Hip-Hop wurde als die Stimme der Menschen erwachsen, die in amerikanischen Städten die gewalttätigste Phase des 20. Jahrhunderts durchlebten, und das Narbengewebe war leicht zu erkennen. Bis 1990, dem Zeitpunkt, an dem sich Hip-Hop zu einer kulturellen Kraft in der ganzen Nation entwickelt hatte – dem Höhepunkt dessen, was als seine goldene Ära bekannt wurde – hatte New York City eine Rekordzahl von Morden erreicht: mehr als 2200 Jahr allein. Los Angeles erlebte 1992 einen Höhepunkt von mehr als 2500 Morden, und in Washington, DC, Chicago, Detroit und anderen Städten gab es atemberaubende Mordraten pro Kopf. 1990 veröffentlichte Ice Cube „Dead Homiez“, eine eindringliche Hommage an die Gefallenen, die die Zeile „Ich höre immer noch die Schreie seiner Mutter / als mein Nigga lag tot in der Gosse“ enthält. Er schließt das Lied und fordert seine Zuhörer auf, sich einen Moment Zeit zu nehmen, um über ihre eigenen getöteten Freunde nachzudenken – eine Bitte, die implizit vermittelt, wie viele sich auf diese Erfahrung beziehen können. Zwei Jahre später veröffentlichte A Tribe Called Quest einen Remix für den Song „Scenario“ mit vier Gastrappern. Busta Rhymes eröffnete den Track mit der Erklärung, dass von den sieben Mitarbeitern sechs Rapper „in physischer Form, einer in spiritueller Essenz“ seien. In der Zeit zwischen der ersten Aufnahme des Remixes und seiner Veröffentlichung war MC Hood vor dem Gruppenheim in Harlem, in dem er gelebt hatte, in den Kopf geschossen worden. Der Kritiker Rob Marriott wies in jenen Jahren darauf hin, dass die Wurzeln der Hypermaskulinität, die die Hip-Hop-Kultur dominierte, in der erstaunlichen körperlichen Verwundbarkeit der Menschen lagen, die sie erschufen. Die Tapferkeit, die Verachtung und der Anstrich des Stoizismus waren alles strategisch getragene Masken, die ihre Ängste und ihre ultimative Machtlosigkeit tarnen sollten, die Umstände zu ändern, die zuverlässig eine so große Zahl unnötiger Todesfälle zur Folge hatten – einschließlich sehr wahrscheinlich ihres eigenen.
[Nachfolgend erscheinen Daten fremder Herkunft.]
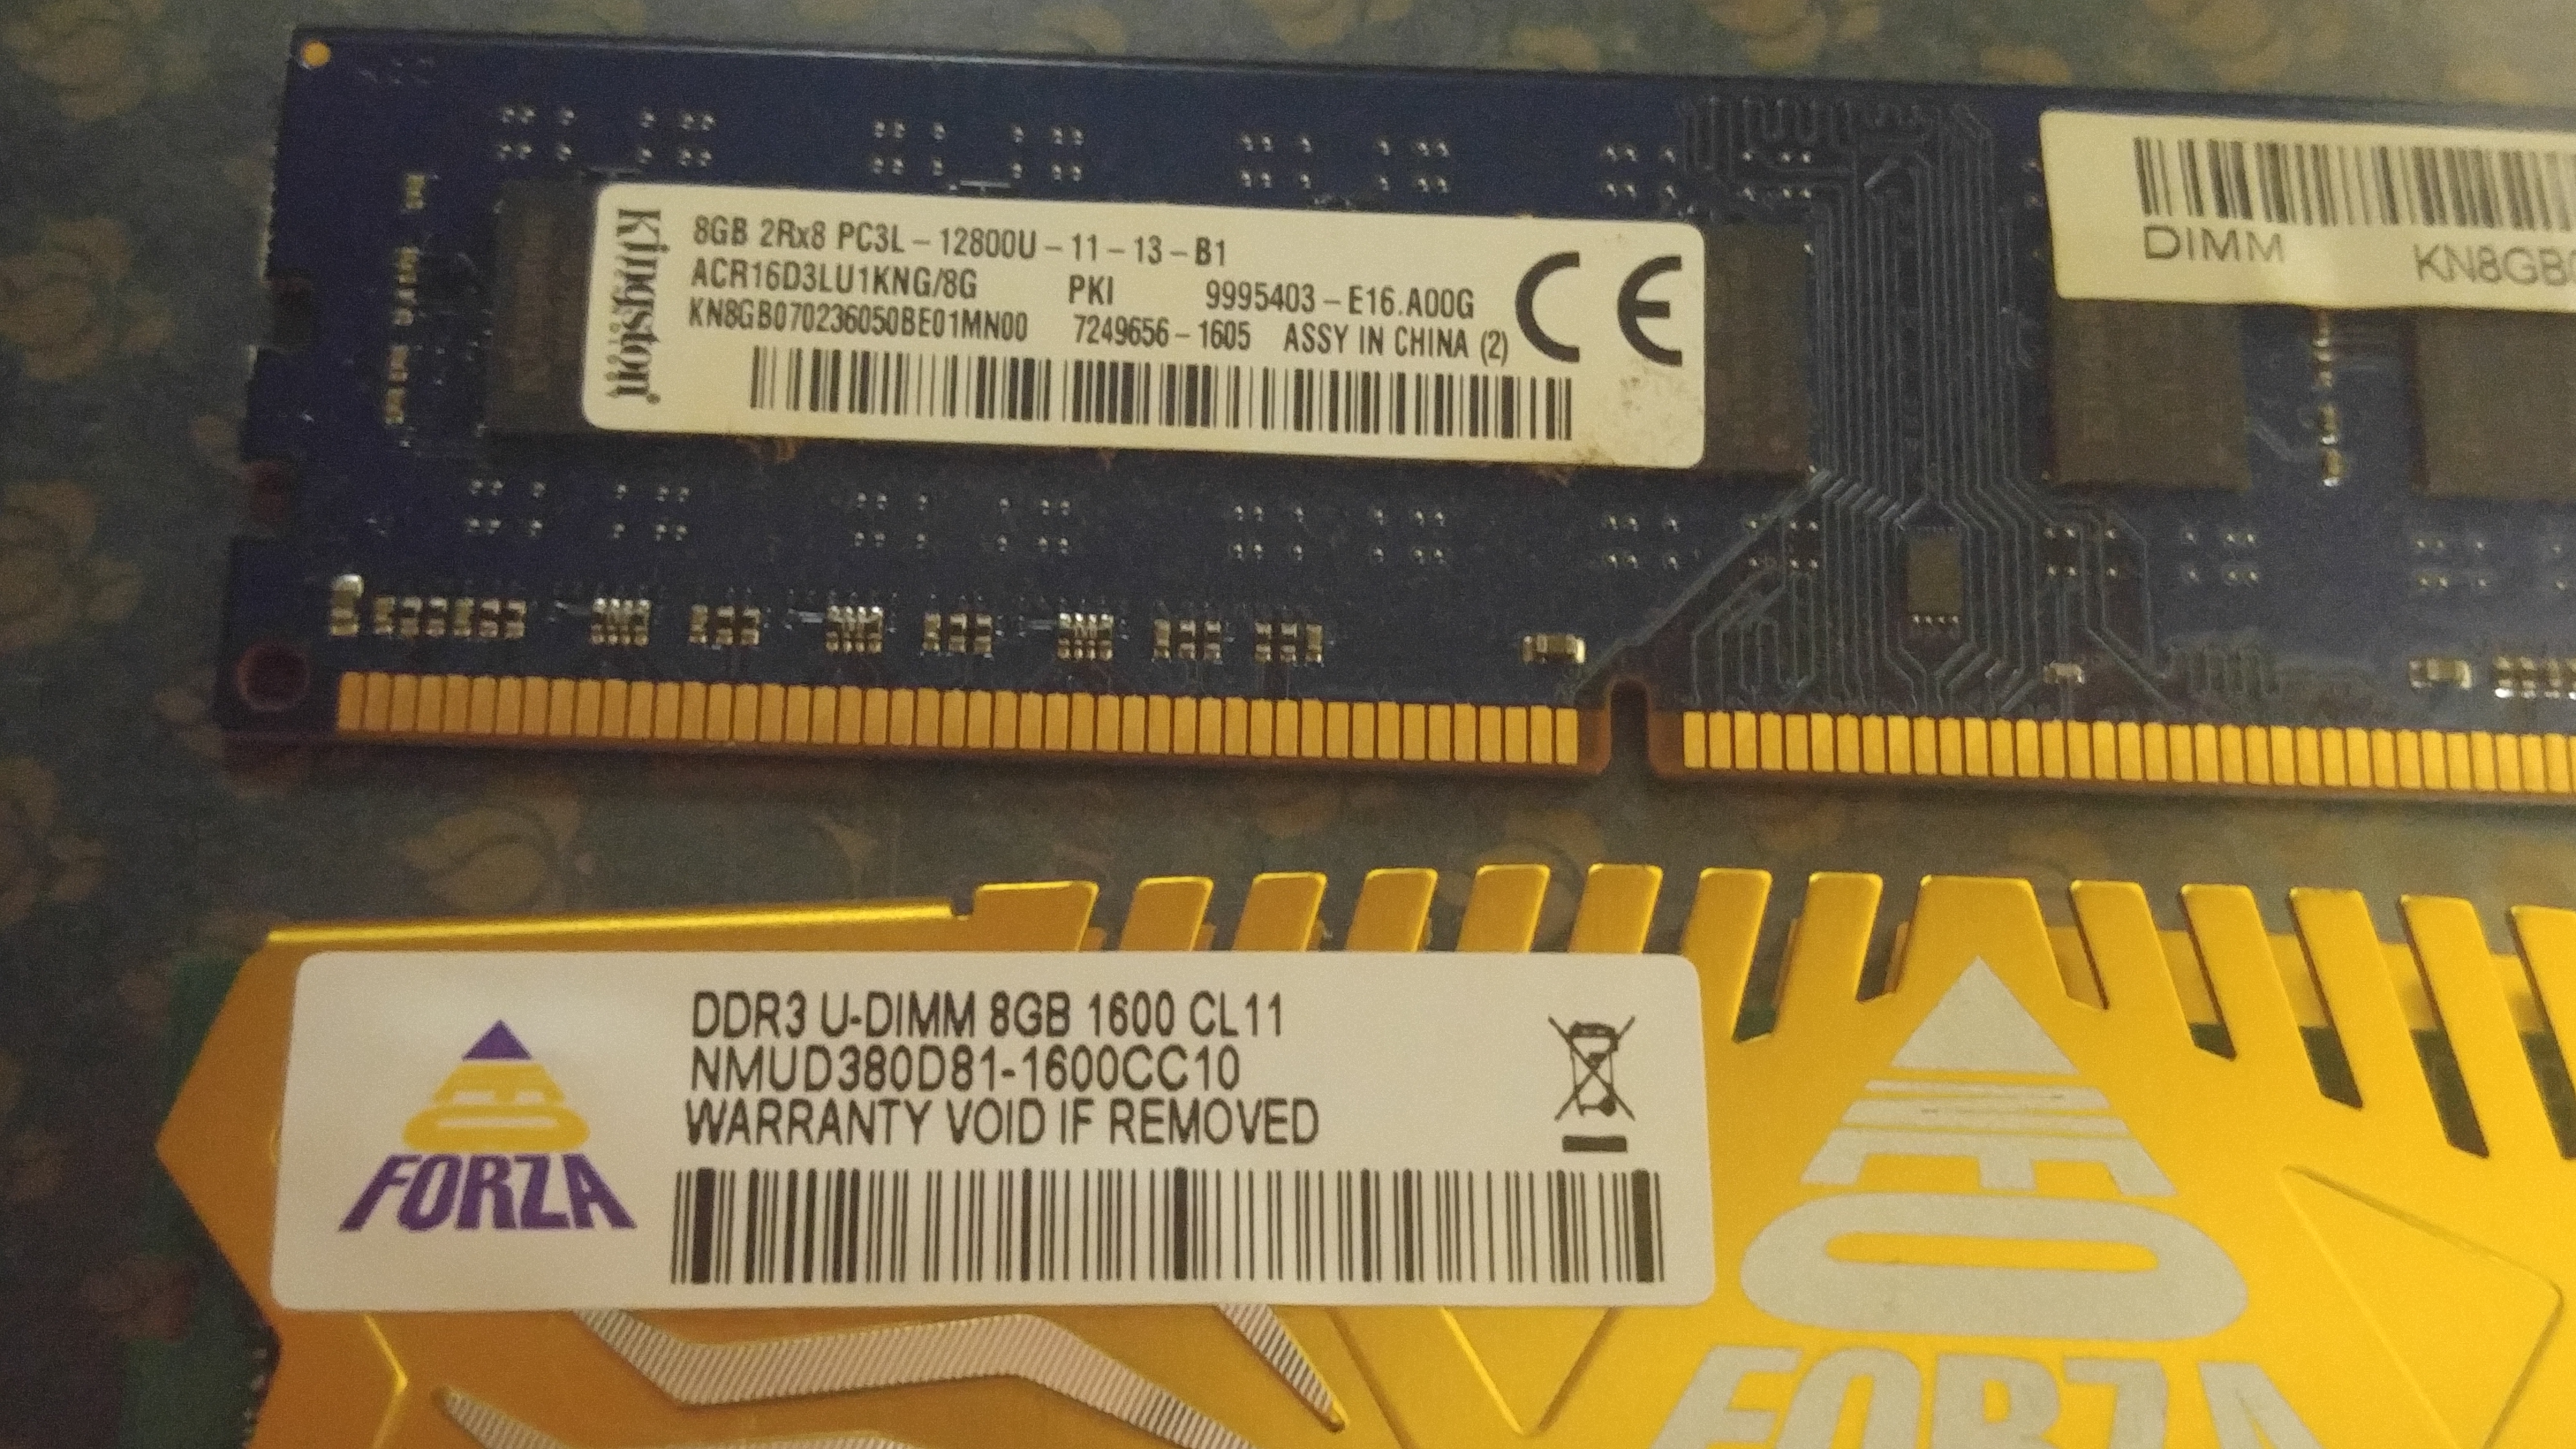 OFFTEK 4GB Replacement RAM Memory for AsRock Fatal1ty 970 Performance/3.1 Motherboard Memory DDR3-12800 - Non-ECC

Doch die bloße Bedeutung dieses Themas macht das Zusammentreffen von Hip-Hops Mitte des Jahrhunderts und Dave Jolicoeurs Tod umso beunruhigender. De La Souls Werk zeichnet sich durch seinen subversiven Witz und seine Kreativität aus; Jolicoeur wählte den Namen Trugoy the Dove in dem Versuch, sich von der oberflächlichen Aggression abzuheben, die schon zu der Zeit, als De La Soul im Jahr 1989 auftauchte, so viel des Genres definiert hatte. Aber die Musik, die die Tragödie des vorzeitigen Todes so tiefgehend artikulierte mit zwanzig äußert sich weit weniger lautstark zum Thema vorzeitiger Tod mit fünfzig. Es war leicht, die Parallelen zwischen den auf den Straßen niedergeschossenen Künstlern und den Anzeichen von Gewalt zu ziehen, die schwarze und braune Gemeinschaften betraf. Tupacs Tod fand gerade deshalb Resonanz, weil die Umstände, unter denen er 1996 stattfand, so vertraut waren. Es ist jedoch weniger üblich, die Verbindungen zwischen Sean Price, dem in Brooklyn aufgewachsenen Rapper, der im Alter von dreiundvierzig Jahren im Schlaf starb, und den Unterschieden in Bezug auf Gesundheit, Gesundheitsfürsorge und Langlebigkeit zu skizzieren, die dieselben Gemeinschaften betreffen.